### SOURCE DATA
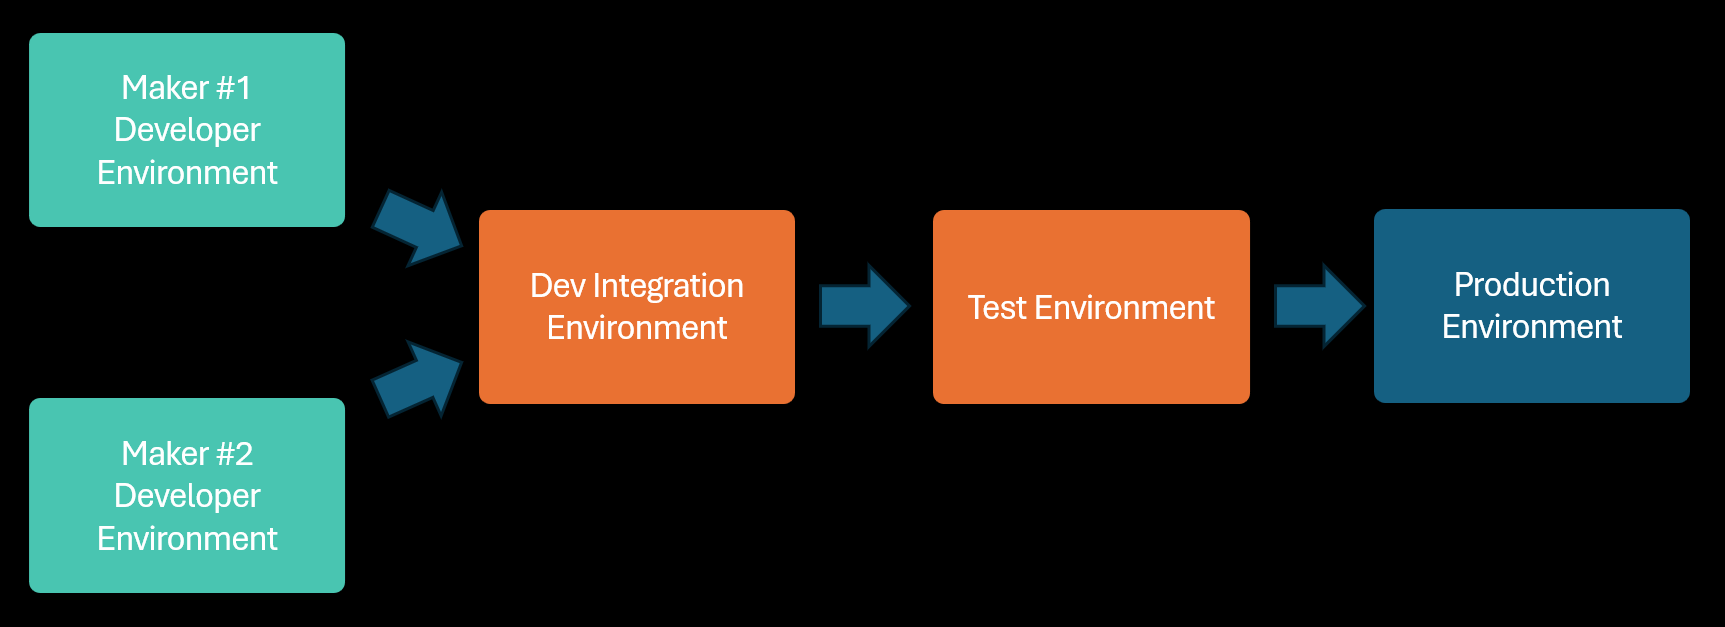 Sơ đồ minh họa một ứng dụng doanh nghiệp đang được phát triển trong các môi trường riêng lẻ được kết hợp trong môi trường tích hợp dùng chung, sau đó được thử nghiệm và triển khai trong các môi trường được chia sẻ với các ứng dụng khác
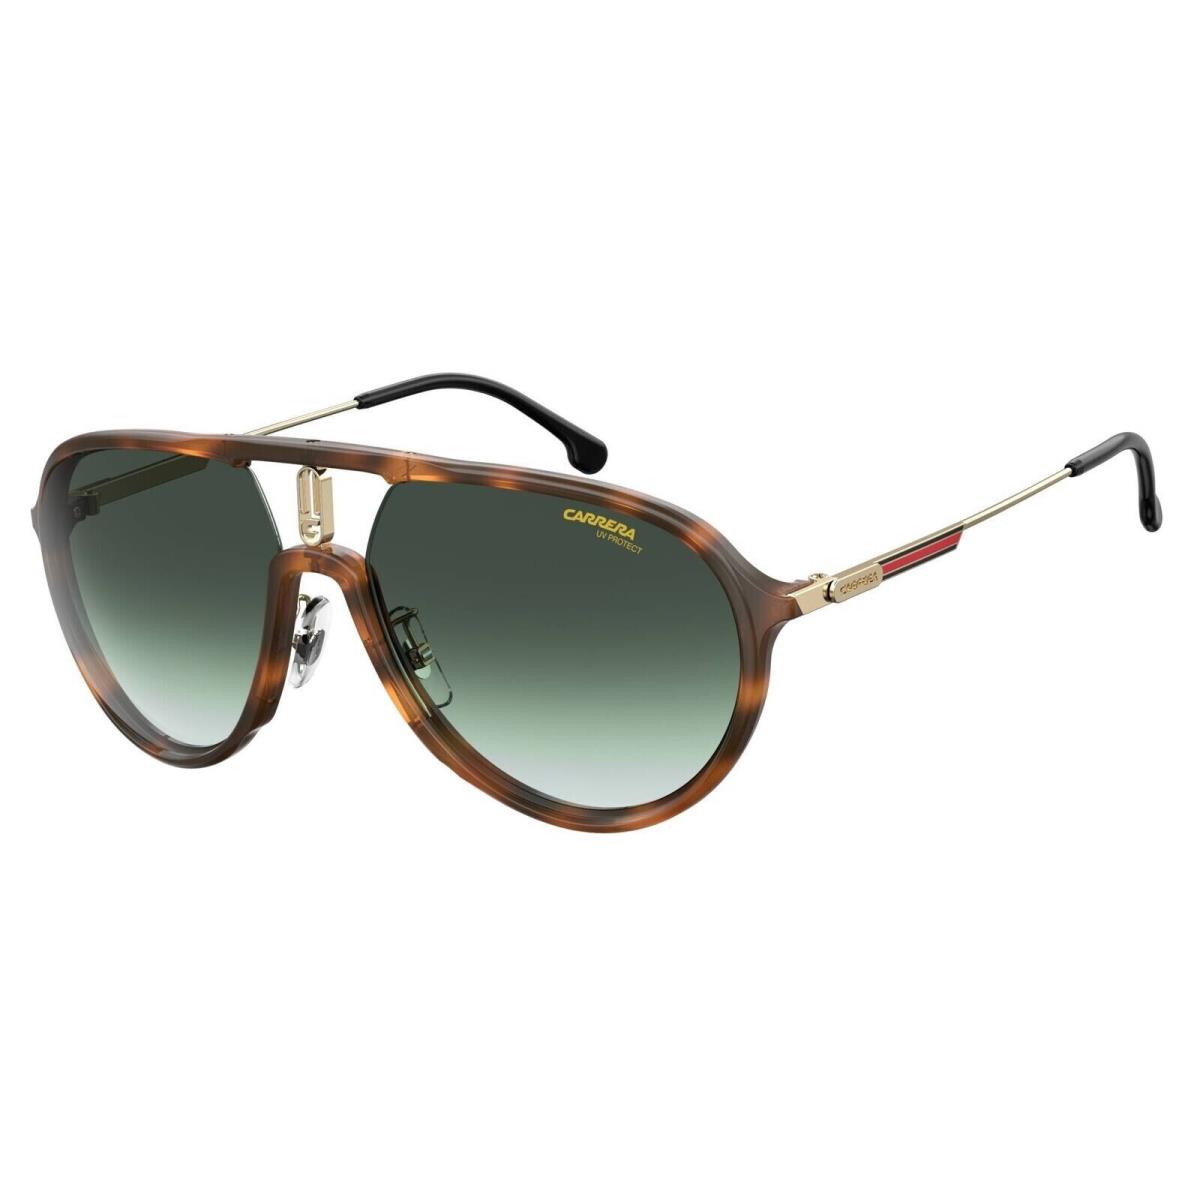 Carrera 1026S 0086 9K Sunglasses Havana Frame Green Shaded Lenses 59mm
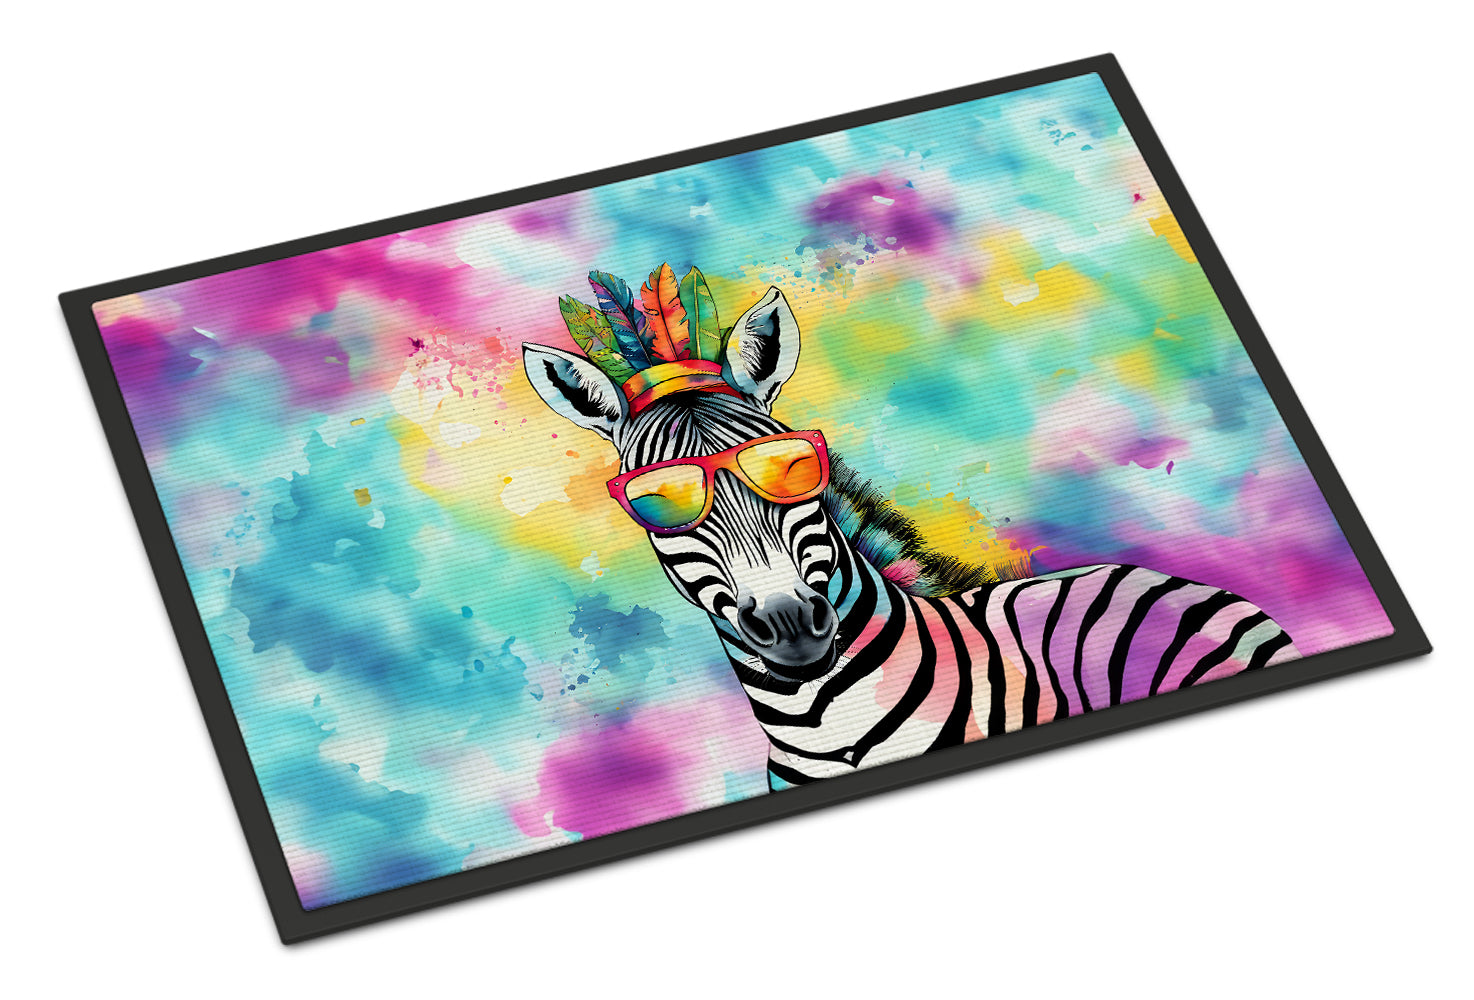 Buy this Hippie Animal Zebra Doormat

### TASK OBJECTIVE
Write out every line above exactly as it is, leaving out the pictures.

### REPLY TO THE TASK
 Sơ đồ minh họa một ứng dụng doanh nghiệp đang được phát triển trong các môi trường riêng lẻ được kết hợp trong môi trường tích hợp dùng chung, sau đó được thử nghiệm và triển khai trong các môi trường được chia sẻ với các ứng dụng khác
 Carrera 1026S 0086 9K Sunglasses Havana Frame Green Shaded Lenses 59mm
 Buy this Hippie Animal Zebra Doormat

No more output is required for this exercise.